Analyze your Git repositories
Published on Friday, January 12, 2018 5:47:09 AM UTC in Tools
Over Christmas I wanted to analyze some of my Git repositories with regards to commit count, contributions by author and other details. I found some nice and simple tools for that, one particular being Git Fame, written in Python. The tool is great, but it had a few problems: first of all it apparently wasn't written for the average Windows user like myself, because it had some problems with author names and non-ASCII characters which in turn needed workarounds on Windows that resulted in misshaped console output. Second, I wasn't quite satisfied with the feature set and performance. My powerful machine was idling along with little CPU and disk load, yet still the remaining hours for the larger repositories was in the upper 20s(!). The output on the other hand was only written to the console, so for further processing i.e. in Excel I had to copy it over into a file and do manual formatting to make it usable. Additionally, statistics per file extension and author were not available at all, you could only have either but not combined. Even worse, depending on the machine I commit from to my repositories, I apparently use slightly different author names (really should fix that), resulting in multiple entries for the same author. Some of these metrics hence were useless, for example: there's a "number of files contributed to" metric that you cannot easily aggregate across multiple author entries without knowing the exact files, an information that is not output by the tool. I'm no Python expert, but a quick look at the sources revealed that the tool was a simple wrapper around the Git command line, which made me think...
My own implementation GitFame# basically has the same feature set as the above tool, but with the following features added:
- Use the maximum number of CPU cores available to maximize performance. Some of the extreme samples like a huge repo that would take almost 30 hours of processing by GitFame on my machine were done in less than 6 hours. You can set the CPU core count from the command line if the auto-setting brings your machine down to its knees and you want to use it for something else while analyzing.
- The result is written to a CSV file by default, so it's easily processible in other tools afterwards.
- You get a real "by file extension per author" statistics that allow deeper analysis.

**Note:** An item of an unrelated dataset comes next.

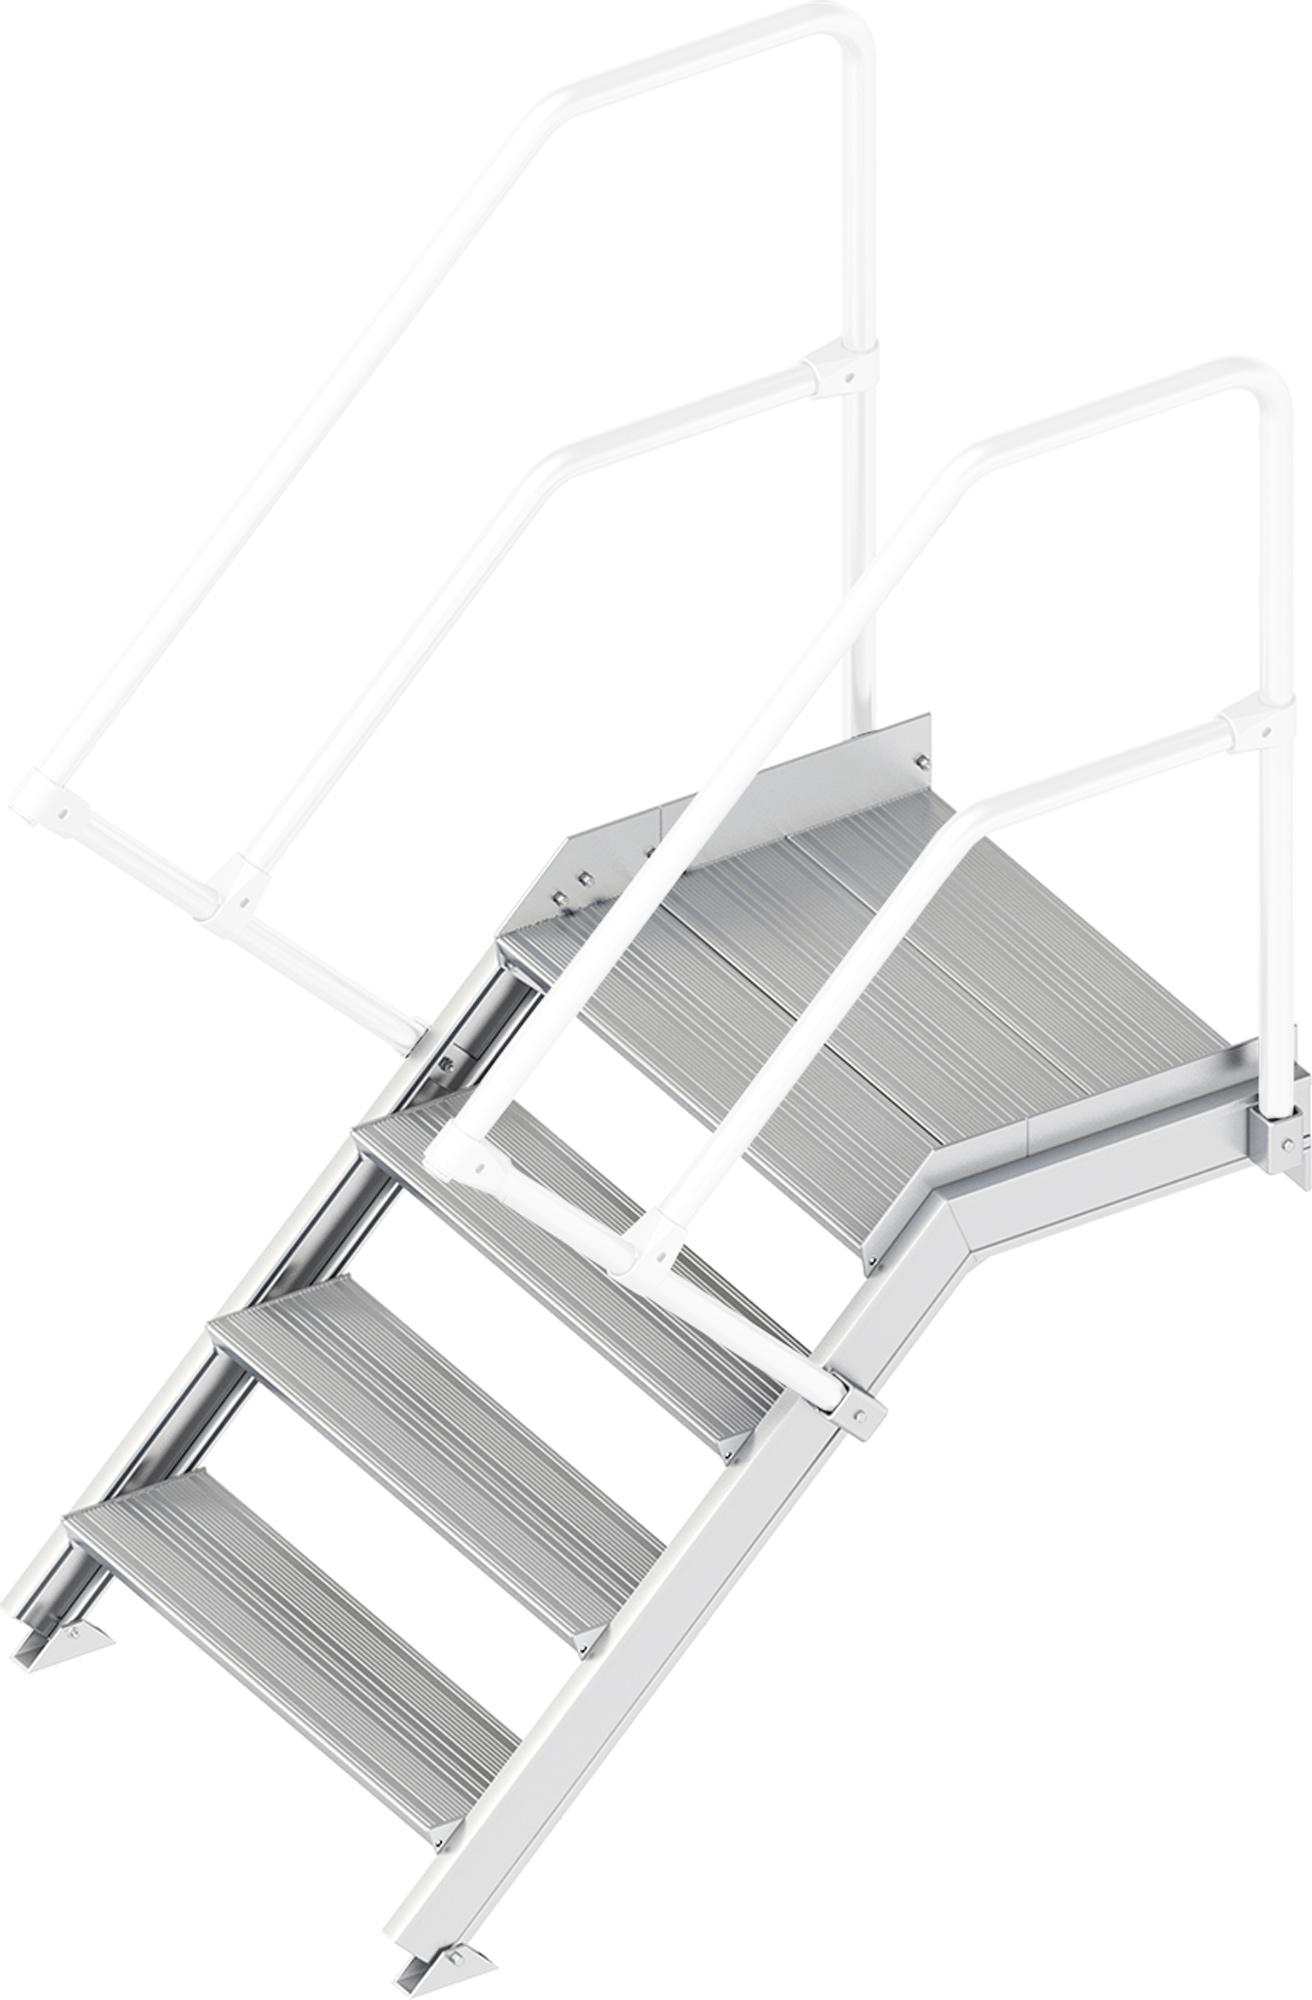 Layher Plattformtreppe 45° 4 Stufen - 800 mm breit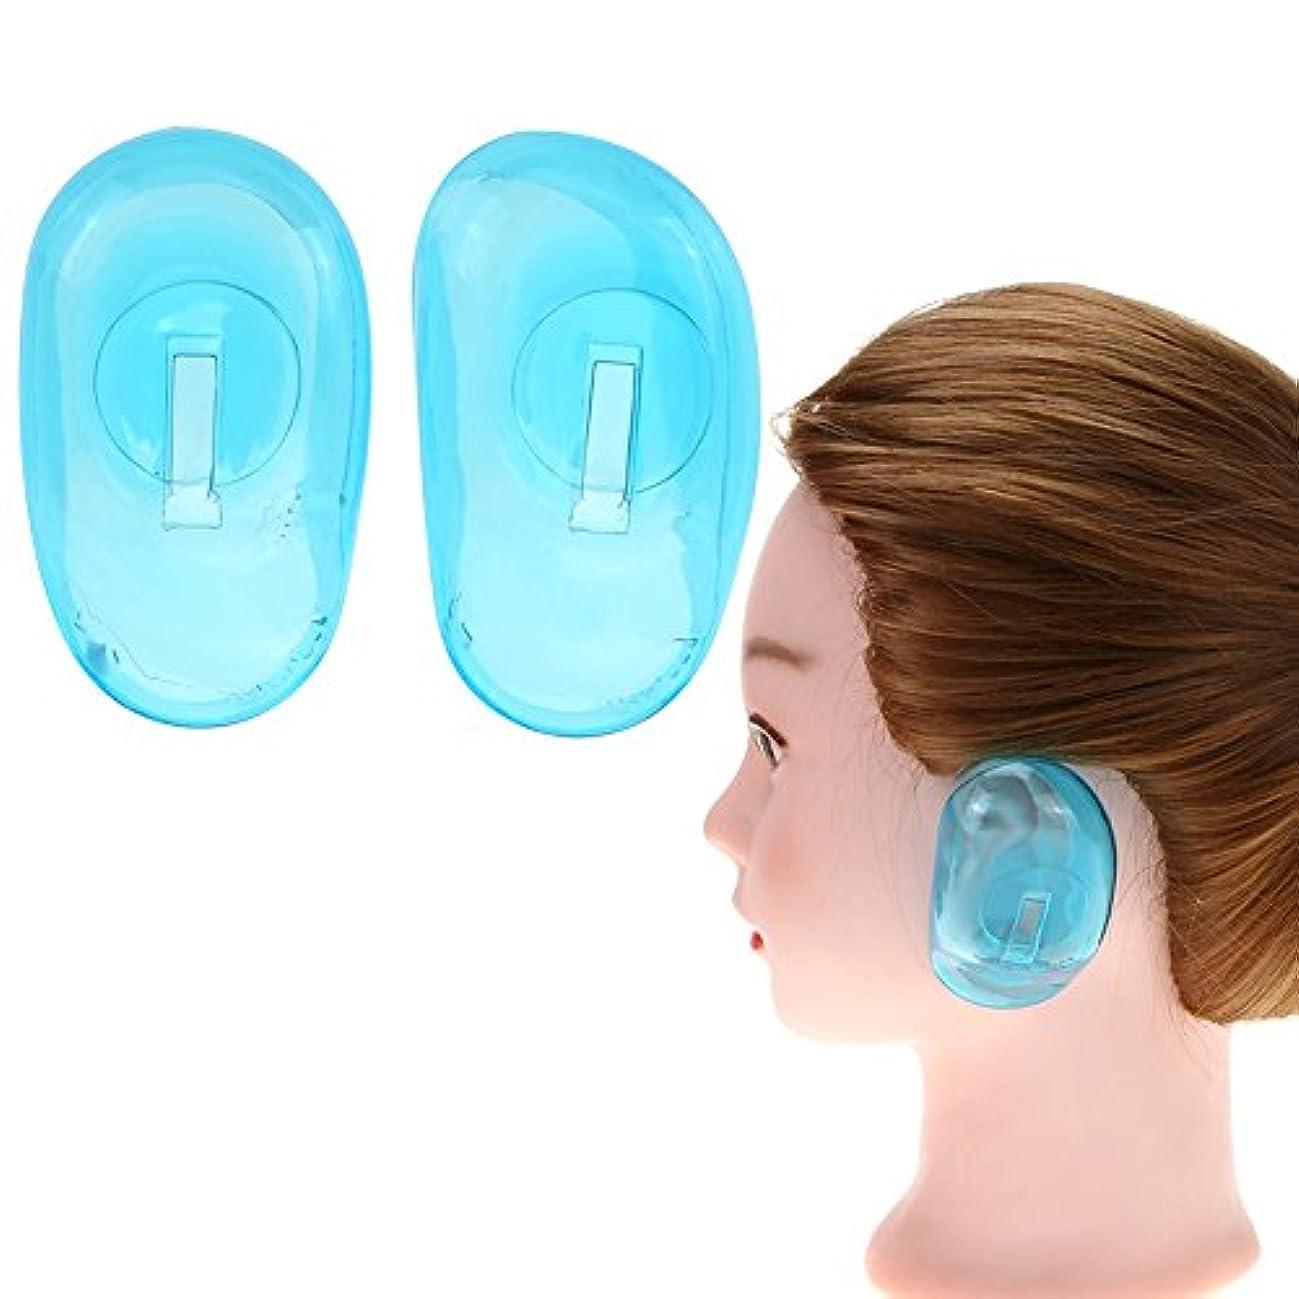 色合いコンピューターを使用する小包Ruier-tong 1ペア耳カバー 毛染め用 シリコン製 耳キャップ 柔らかいイヤーキャップ ヘアカラー シャワー 耳保護 ヘアケアツール サロン 洗える 繰り返す使用可能 エコ 8.5x5cm

- There's an option that allows to aggregate multiple aliases of the same author into a single bucket. This is helpful when committing from different machines with different authors (configuration mistake) or if, for example, non-ASCII characters in your name result in multiple author entries depending on the system you're working on.
You can find it on GitHub: https://github.com/MisterGoodcat/GitFameSharp
Command Line usage
The tool is a .NET Core command line application, meaning you need the .NET Core runtime installed to use it. At the moment, the tool does not print any help to the console. But here's the currently available options:
|--GitDir="[path]"||The path to the Git directory to analyze. Default: "."|
|--Branch="[branch]"||The branch to analyze. Default: "HEAD"|
|--Exclude="[RegEx]"||A regular expression (.NET flavor) to determine which files or folders to exclude. Default: [empty]|
|--Include="[RegEx]"||A regular expression (.NET flavor) to determine which files to include. Only inspects the files that have not been excluded by the --Exclude option. Default: [empty]|
|--ParallelBlameProcesses=[number]||The number of CPU cores to use in parallel. Default: [Number of cores on your machine]|
|--Output="[path]"||The target file the results should be written to in CSV format. Default: "result.csv"|
|--AuthorsToMerge="[list of aliases]"||Multiple author aliases to be merged into a single statistic. Syntax: Put each group of aliases into brackets, use the pipe symbol to separate aliases. E.g: "[Author A alias 1|Author A alias 2][Author B alias 1|Author B alias 2]". The first alias entry is used as the author name of the aggregated result. You can use a non-existing author alias as the first entry to beautify the author name. Default: [empty]|
Please note that since this uses Git commands, it obeys any Git configuration. Example: you don't need to exclude files and folders that are already part of your .gitignore file, they will be treated as expected automatically.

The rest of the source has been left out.